Research Paper finds Bitcoin spreads ‘like a virus’
Bitcoin price and adoption figures follow mathematical rules found in nature, claims a new paper from the international Social Science and Research Network (SSRN).
A new research paper suggests that the growth and price of bitcoin is likely to proceed according to a relatively straightforward mathematical model – similar to the growth curves of Facebook and other networks.
In the paper, Timothy Peterson of Cane Island Alternative Advisors summarises:
We derive the relationships between price, number of users, and time, and show that the resulting market capitalizations likely follow a Gompertz sigmoid growth function. This function, historically used to describe the growth of biological organisms like bacteria, tumors, and viruses, likely has some application to network economics.
Peterson has previously explored the relationship between network size and crypto price in his paper, ‘Metcalfe’s Law as a Model for Bitcoin’s Value’. He starts out by noting that price developments are generally highly correlated with changes in fundamental on-chain factors such as the total number of wallets, active addresses, unique addresses, and transaction activity. Bitcoin, however, is a young and ‘noisy’ market, and fundamental measures of value should be overlaid with speculative activity, which carries the price far in excess of its baseline.
Plotting bitcoin’s growth since its inception, the author states: that the base price for bitcoin can be derived from the time since its inception. Peterson’s chart shows that, for substantial stretches of bitcoin’s history, the data has neatly fitted his equation: ‘bitcoin’s lognormal price P with respect to time t is a near-perfect horizontal parabolic arc.’ The ‘clean price’ can be shown to fit the price given by the parabolic arc.
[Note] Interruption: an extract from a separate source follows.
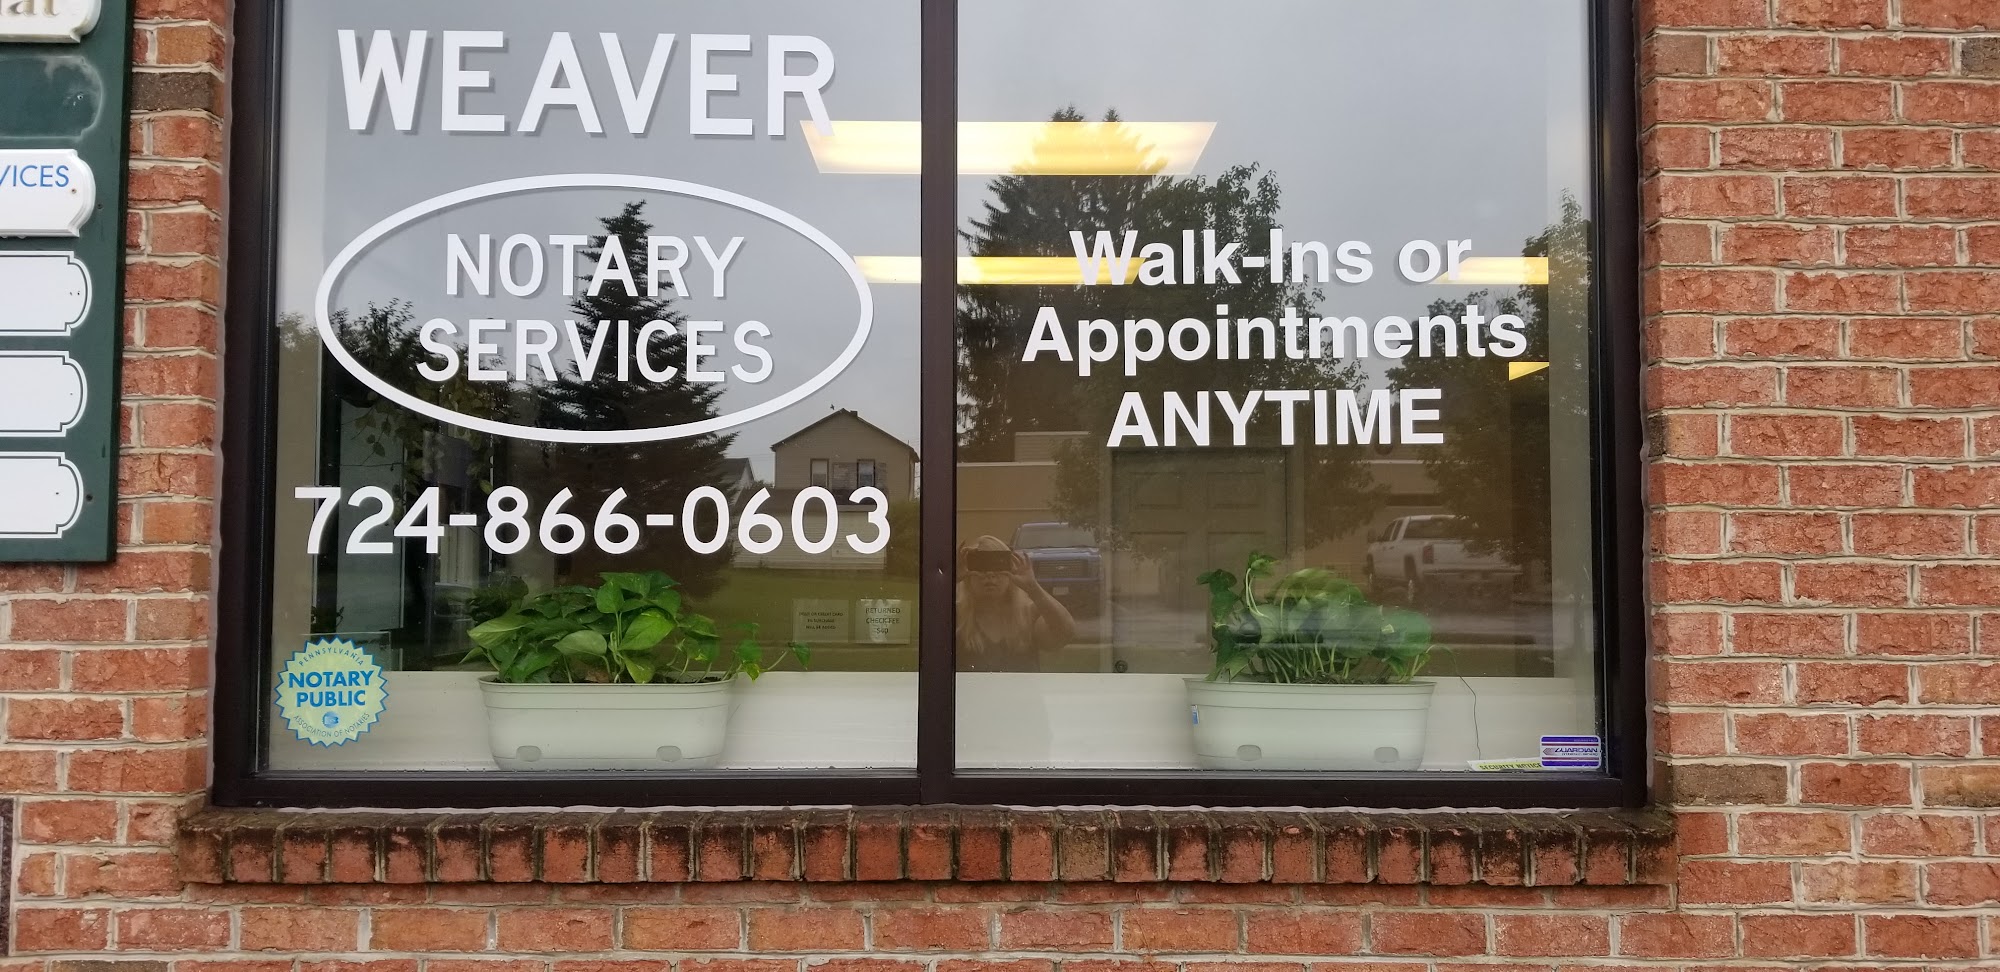 Weaver Notary Services 3143 Main St Suite 1, West Middlesex Pennsylvania 16159

In between these periods, the ‘manipulated price’ – time of intense speculative activity or bubbles – lifts the price off the parabolic curve. Bitcoin’s current price – just under $4,000 at the time of writing – matches closely with the parabolic line, indicating that BTC is ‘fair value’.
A very similar relationship can be observed for Facebook, by plotting share price against time. Charting monthly active users against log scale square root time also shows a convincing correlation. This precedent in the tech sector indicates the validity of using the network effect as a tool for long-term price analysis.
Peterson does not use the model to predict future price rises, though his clear implication is that this must ultimately be a by-product of an expanding user base.
‘Over time price tends toward value. The model we have presented serves as a backdrop against which potential information can be evaluated. It does not predict that bitcoin’s price will soar or crash. Rather, it suggests that the probability of those extreme those events is very small because ultimately number of users drives price.’